Литмир - Электронная Библиотека
A
A

Петровский был уже одет. Он не носил галстуков. Темная косоворотка, пиджачок. Бородатый мужчина с густыми бровями. Резкие залысины, упрямый нос. А в глазах сразу и не поймешь что: строгость или скрытая работа мысли, может быть, настороженность. Ему тридцать шесть, но кажется намного старше. Приход молодого человека ничуть не удивил его. Валериан представился, передал письмо Бубнова.

Григорий Иванович лишь скользнул взглядом по письму и отложил его. О Куйбышеве ему до этого слышать не приходилось. Кто он? Свой? Провокатор? Вот так прямо прийти на квартиру и заявить, что бежал из Харькова от жандармов... Возможно, привел за собой хвост. Петровский был членом ЦК партии и соблюдал крайнюю осторожность. Даже письмо Бубнова не могло служить гарантией.

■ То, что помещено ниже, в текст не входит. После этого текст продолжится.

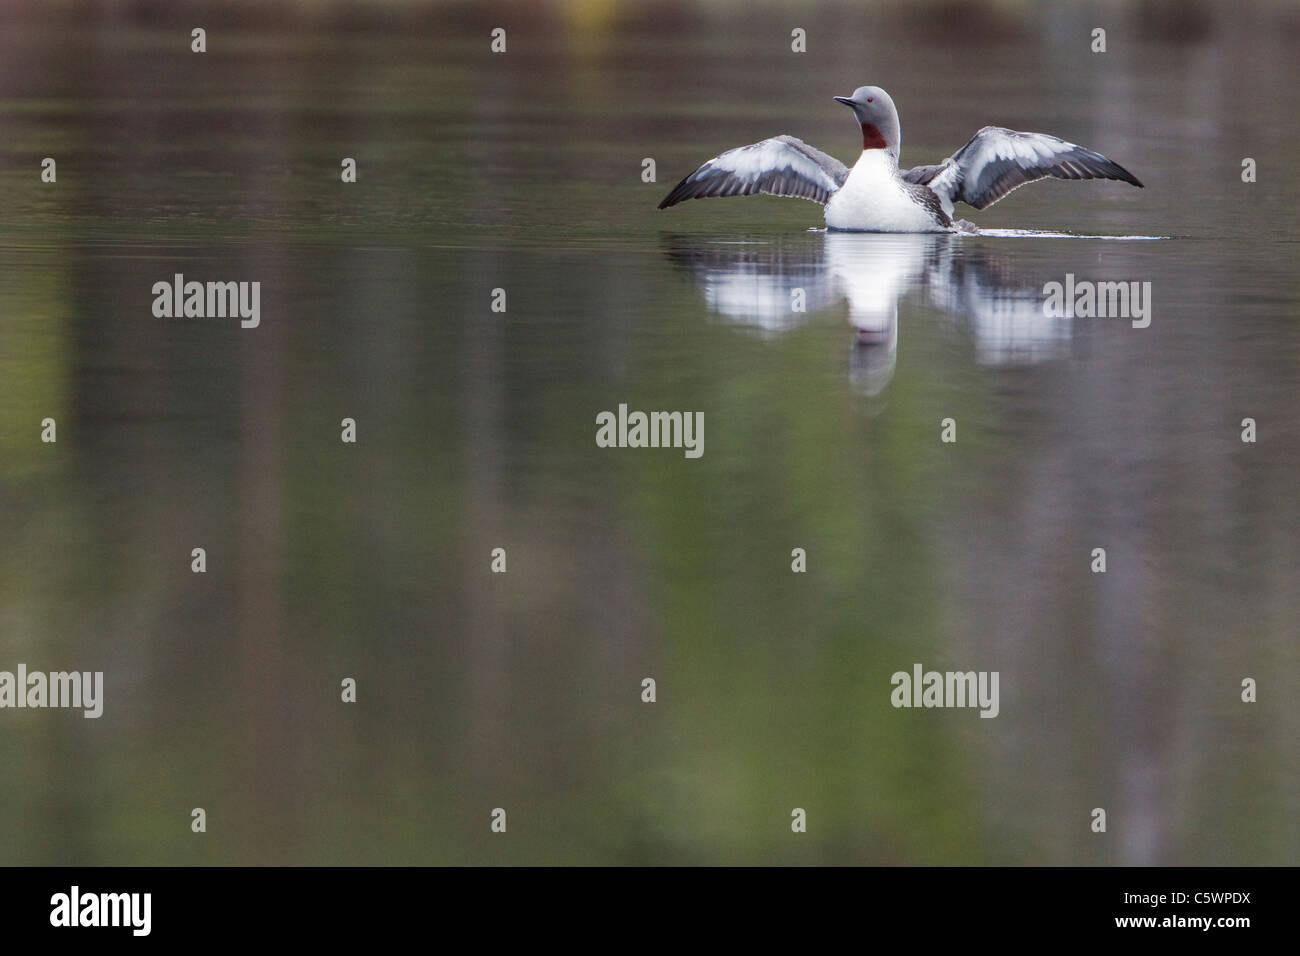 Jiujitsu (Gavia stellata), aile-stretching adultes sur le loch de reproduction au printemps. L'Ecosse, Grande Photo Stock

Но лицо Куйбышева понравилось. Что-то веселое и бесшабашное в этом угловатом, словно бы граненом лице. И в то же время он застенчив, интеллигентен. Это чувствуется в каждом его жесте, слове, в манере держаться. Сразу все выложил о себе. Сын подполковника, дворянин, тюрьмы, ссылка..

— Значит, в нарымской ссылке? — переспросил Григорий Иванович безразличным голосом. — А кто еще отбывал с вами?

Валериан назвал.

Петровский оживился.

— Со Свердловым хорошо знакомы?

— Да, когда я отбыл срок, он еще оставался в Нарыме.

— А где он сейчас?

— Не знаю.

Григорий Иванович нахмурился, с каким-то странным удивлением взглянул на Куйбышева.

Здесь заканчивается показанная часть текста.